St James’s Churchyard, by Grain Fort, contains the graves of World War One soldiers, including a man from a Suffolk regiment. Why did he end up here, on this curious Kentish promontory? The track leads to a silent shingle beach, and the wide Thames with Southend and Shoeburyness on the other side. A cargo ship cruises close to the Essex shore. The beach is buffered against the powerful tide with groynes and sandbags. A set of steps leads down to the water, but the railings have rusted away up to the high tide mark.
On the other side of the promontory, facing Sheerness, a rusting hulk sits marooned in the middle of the water, with Garrison Point Fort behind it, guarding the entry to the River Medway. The sense of the area’s wartime past and its strategic defence position is tangible. A graffitied searchlight shelter looms over the footpath and at low tide the disintegrating masts of the SS Richard Montgomery can be seen off the Sheerness shore. The Montgomery sank in August 1944 after becoming stranded on a sandbank, and the shipwreck is thought to still contain its huge cargo of explosives.
All the way along the concrete sea defences, there are people fishing.
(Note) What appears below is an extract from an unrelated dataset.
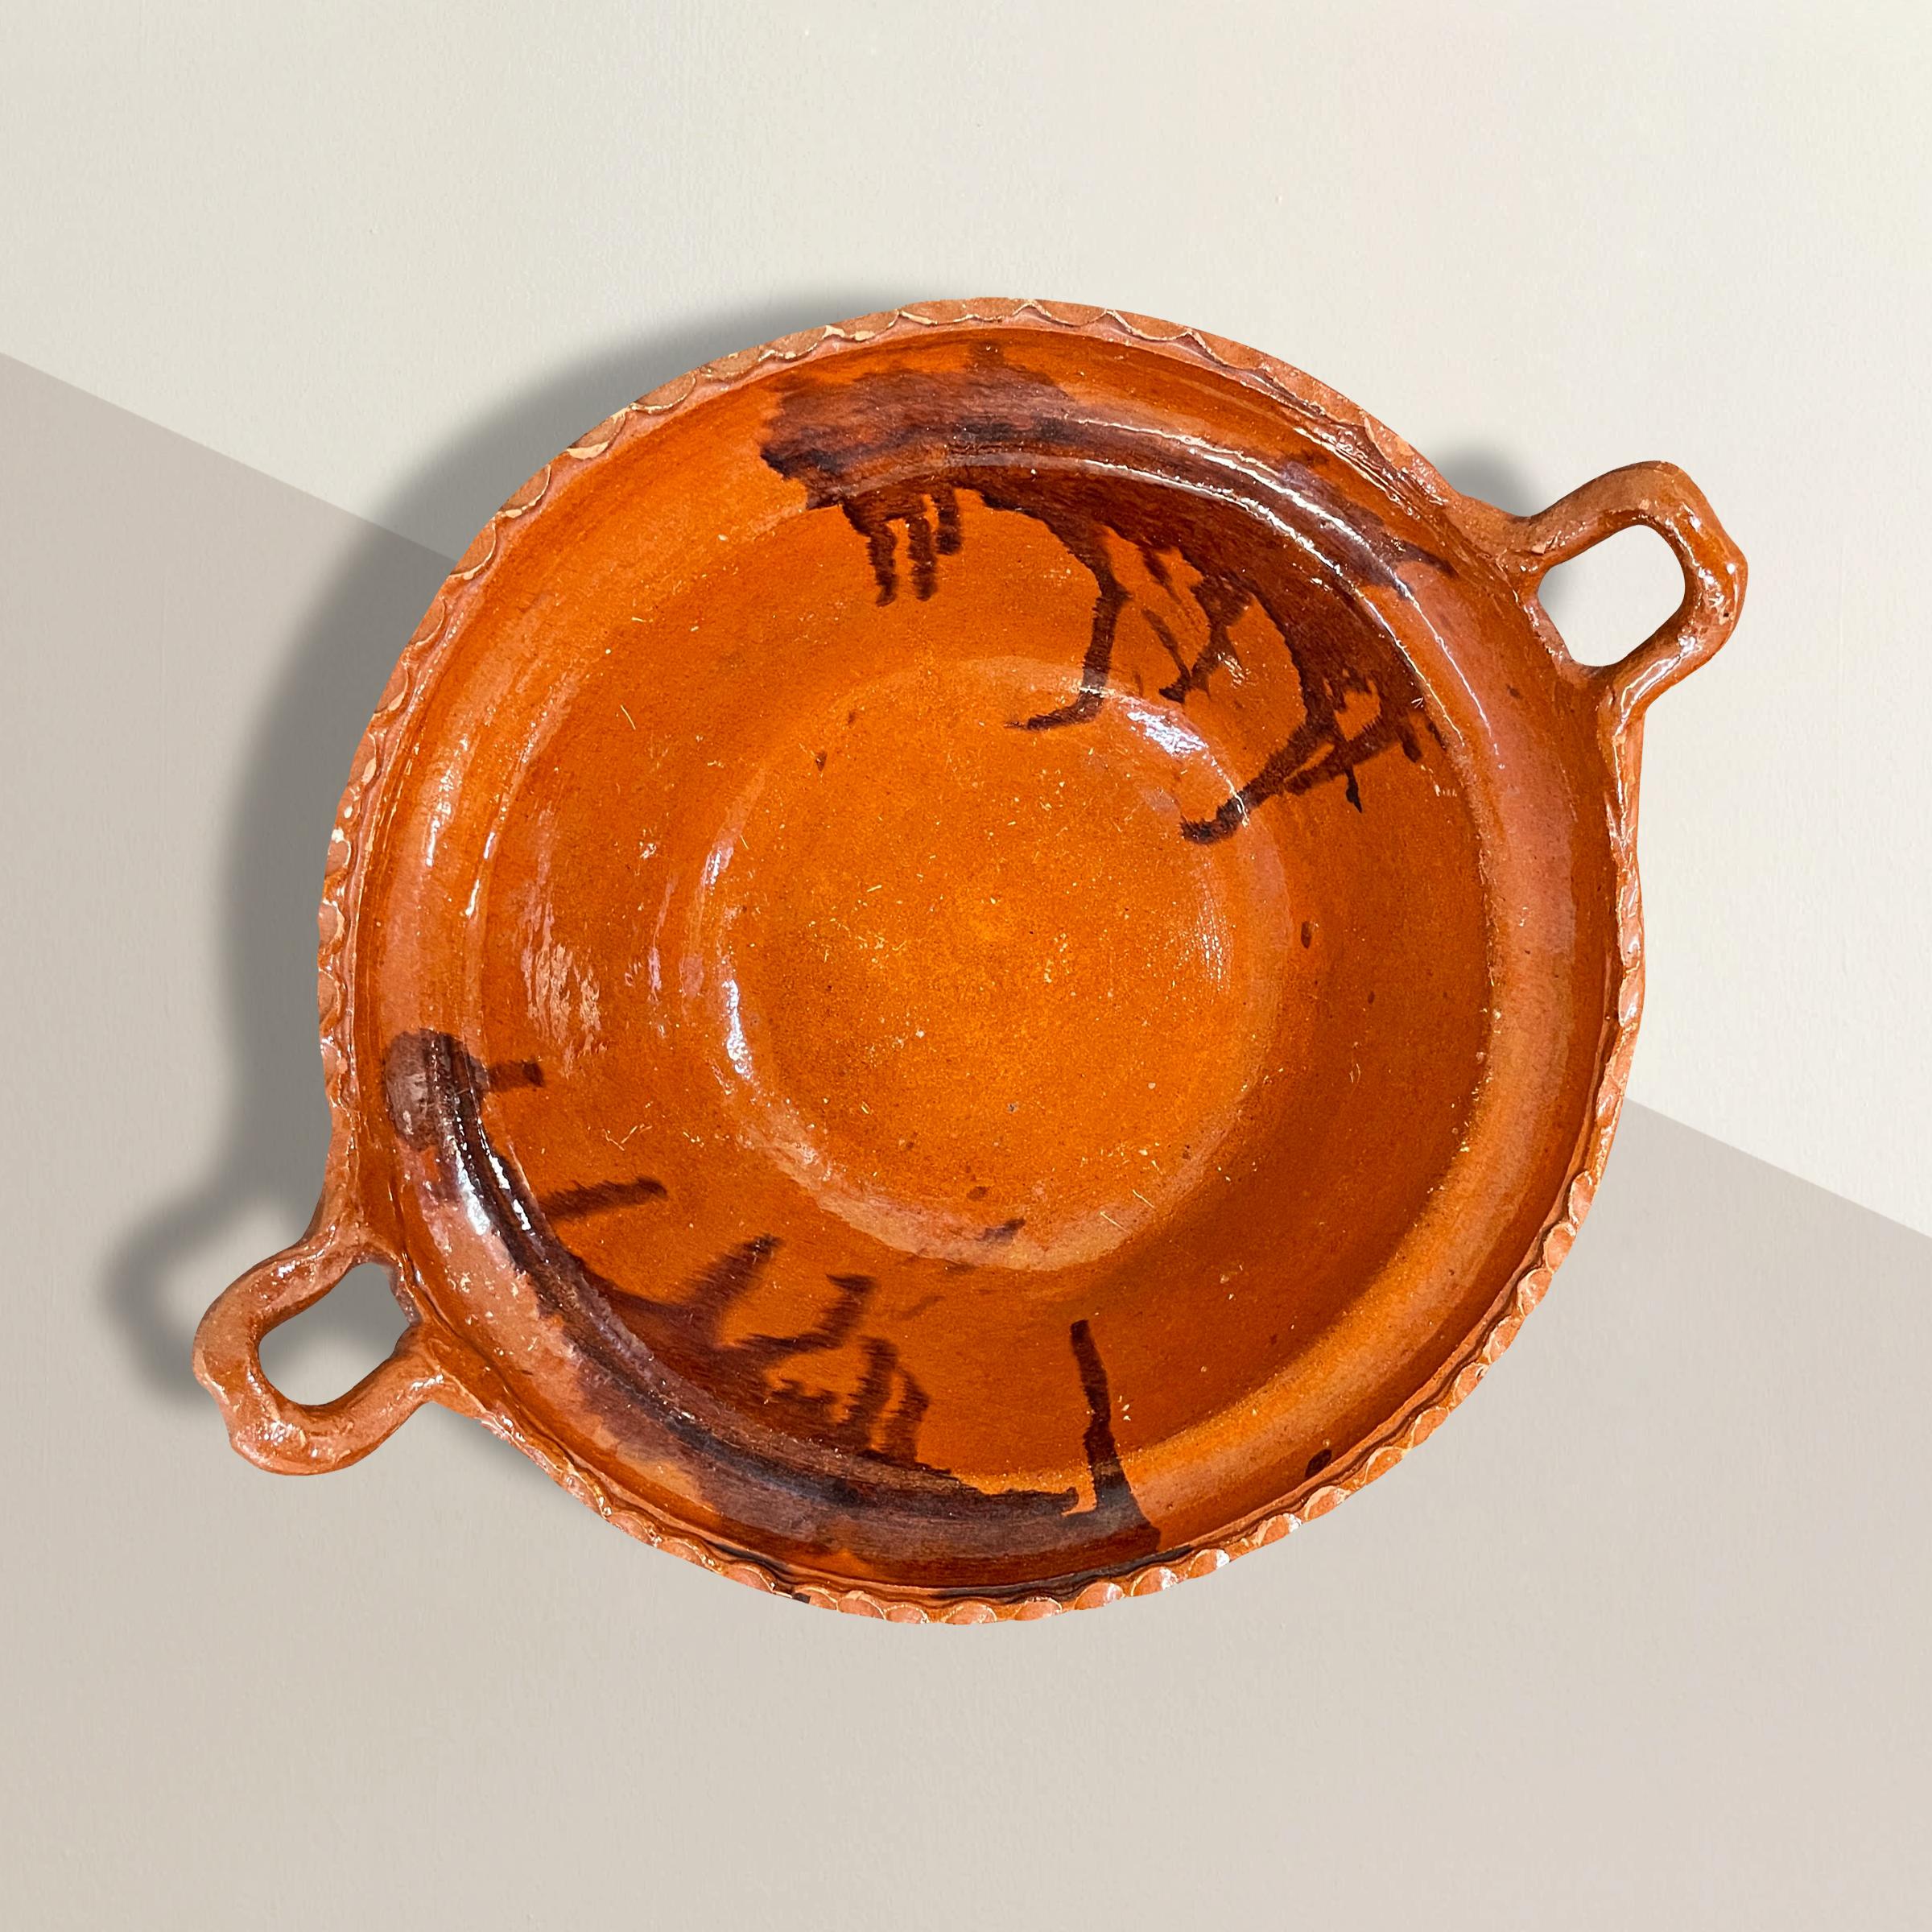 A beautiful vintage Mexican terracotta bowl with two handles, a ruffled lip, two large drip glazed splotches inside. The exterior is unglazed. Perfect for holding fruits and vegetables on your kitchen island, or ask us about having a custom mount

We pass a couple who have two rods out and a boombox. The man shows us what he’s just caught: a tiny silver sea bass, quivering and twitching, which he holds out on his palm, gently flexing its fin before letting it go.
The bridge between the mainland and the Isle of Sheppey seems vast. The sky is bright and it feels like a holiday. An empty two-carriage train goes by slowly in the opposite direction. As we pass Queenborough a sign advertising shotblasting services reminds me of the trips my dad and I used to make to breakers’ yards, where we’d pick our way among the half-wrecks of boats and barges shored up to be reclaimed for parts or scrap metal.
The once-grand but now-derelict buildings of Sheerness Dockyard are sectioned off behind security fences. Hundreds of ships were built there in the eighteenth and nineteenth centuries, including the Victorian warship HMS Gannet, which survives at Chatham Historic Dockyard and has a second life as a wedding venue. Many ships also ‘finished’ in this part of the Thames, brought to the docks to be broken up and scrapped, including my father’s. I think of the ship’s blistered deck and the heavy, warm smell of oil residue that rose out of its tanks. The workshop where my father showed me how to mend ropes, and the thrilling burr that resonated through the cabins when the engines were turning. Up on the sea wall, the river looks bluer, wider, like the beginning of open water.